The service-accounts page supports:

  • listing service accounts
  • creating accounts
  • editing accounts
  • disabling accounts
  • listing tokens for a selected account
  • minting new tokens
  • revoking tokens

This is currently the main UI workflow for minting API credentials for automation.

Settings

The settings page currently bundles several admin workflows:

  • performance-mode status and toggle
  • TLS intercept CA upload, generation, and certificate download
  • support bundle download
  • SSO provider create, update, delete, and test flows

Performance mode is the main UI switch that gates the audit and wiretap workflows. When it is disabled, those pages remain visible but the interactive data path is unavailable.

Role Handling

The UI derives a simple role view from the authenticated user record:

  • admin
  • readonly

Today, the visible role-based navigation difference is that Service Accounts is hidden for readonly users.

The API remains the real authorization boundary. The UI only adjusts navigation and page access affordances based on the returned role data.

API Coupling

The UI uses relative API requests rooted at:

  • /api/v1

That keeps the browser on the same origin as the management HTTPS server and avoids a separate API base configuration layer for normal deployments.

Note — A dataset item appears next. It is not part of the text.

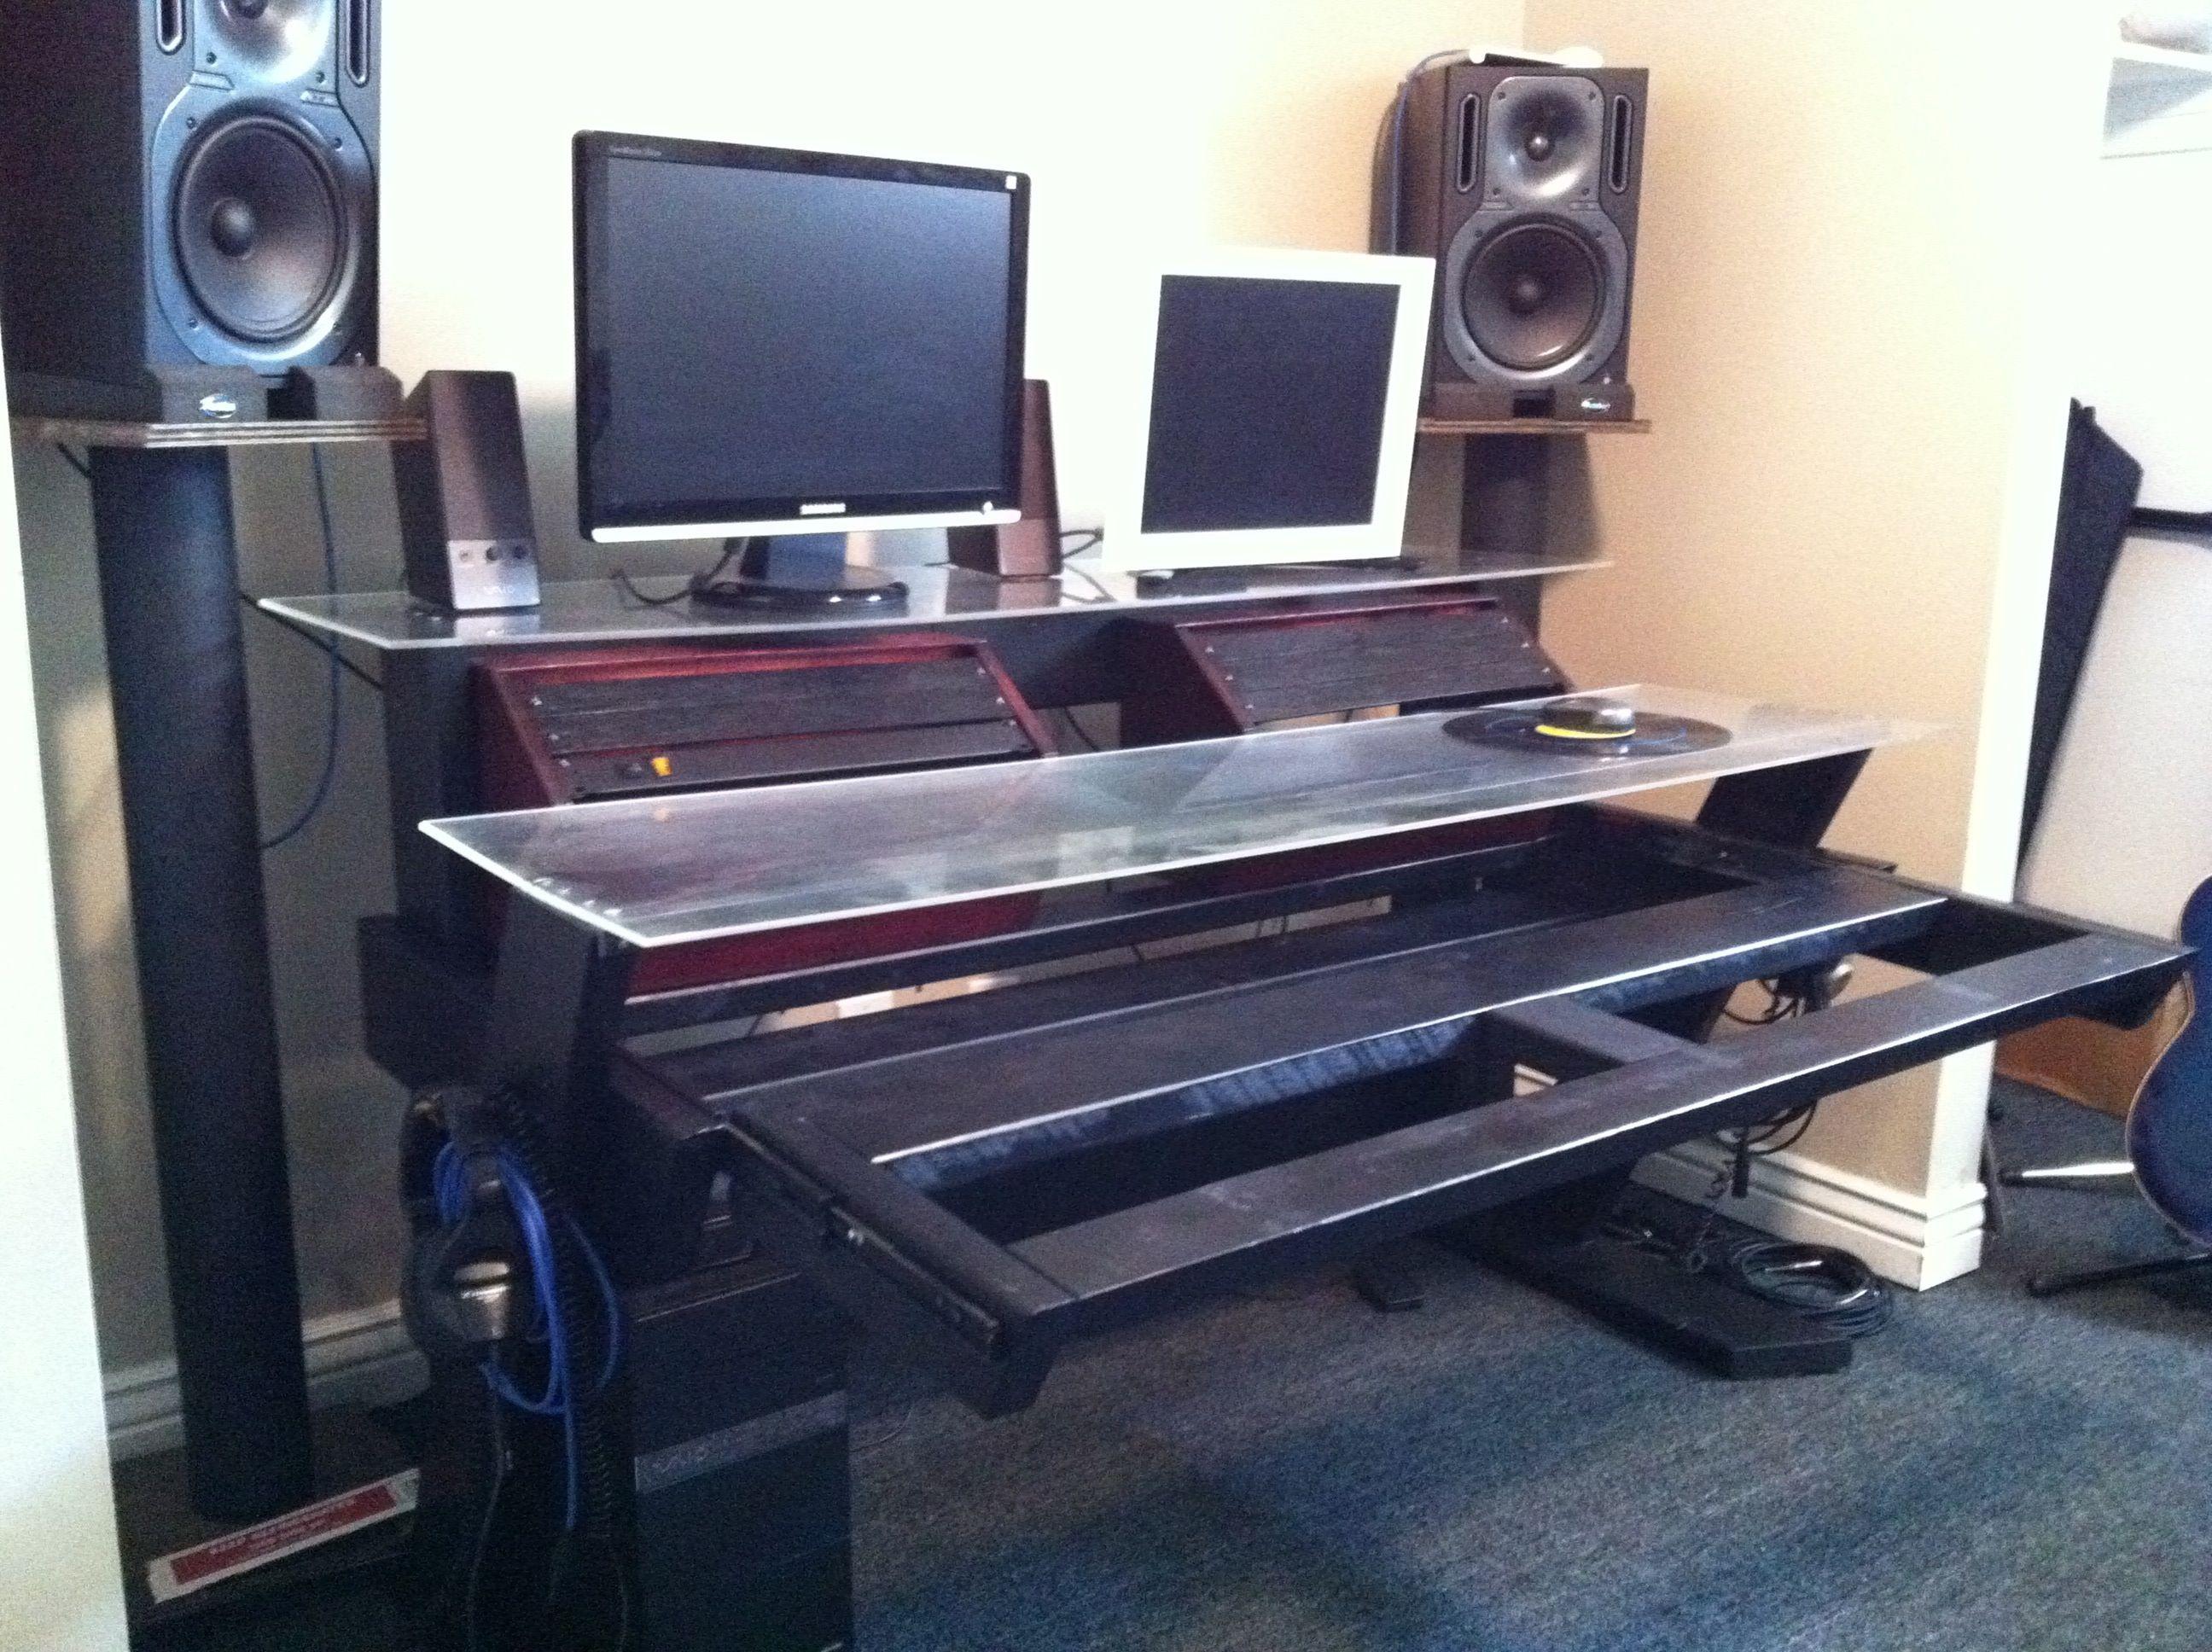 Office Chair Under 3000 Light Blue Covers Diy Studio Desk Keyboard Workstation Img 2304 Jpg

In practice, the UI is tightly coupled to the current HTTP API surface:

  • auth
  • stats
  • policies
  • integrations
  • service accounts
  • audit findings
  • wiretap stream
  • DNS cache
  • TLS intercept settings
  • performance mode
  • SSO settings
  • support sysdump

Current Limitations

A few implementation boundaries are worth calling out explicitly:

  • the UI is compiled from ui/dist and embedded into the Rust server rather than loaded from a separately deployed static origin
  • routing is intentionally small and page-oriented; there is no server-side rendering layer
  • admin behavior still depends on API-side authorization; the frontend role model is only a convenience layer
  • the UI is hand-wired to the current API surface rather than generated from OpenAPI

That makes the current UI a practical management console for the existing API, not a separately abstracted product surface.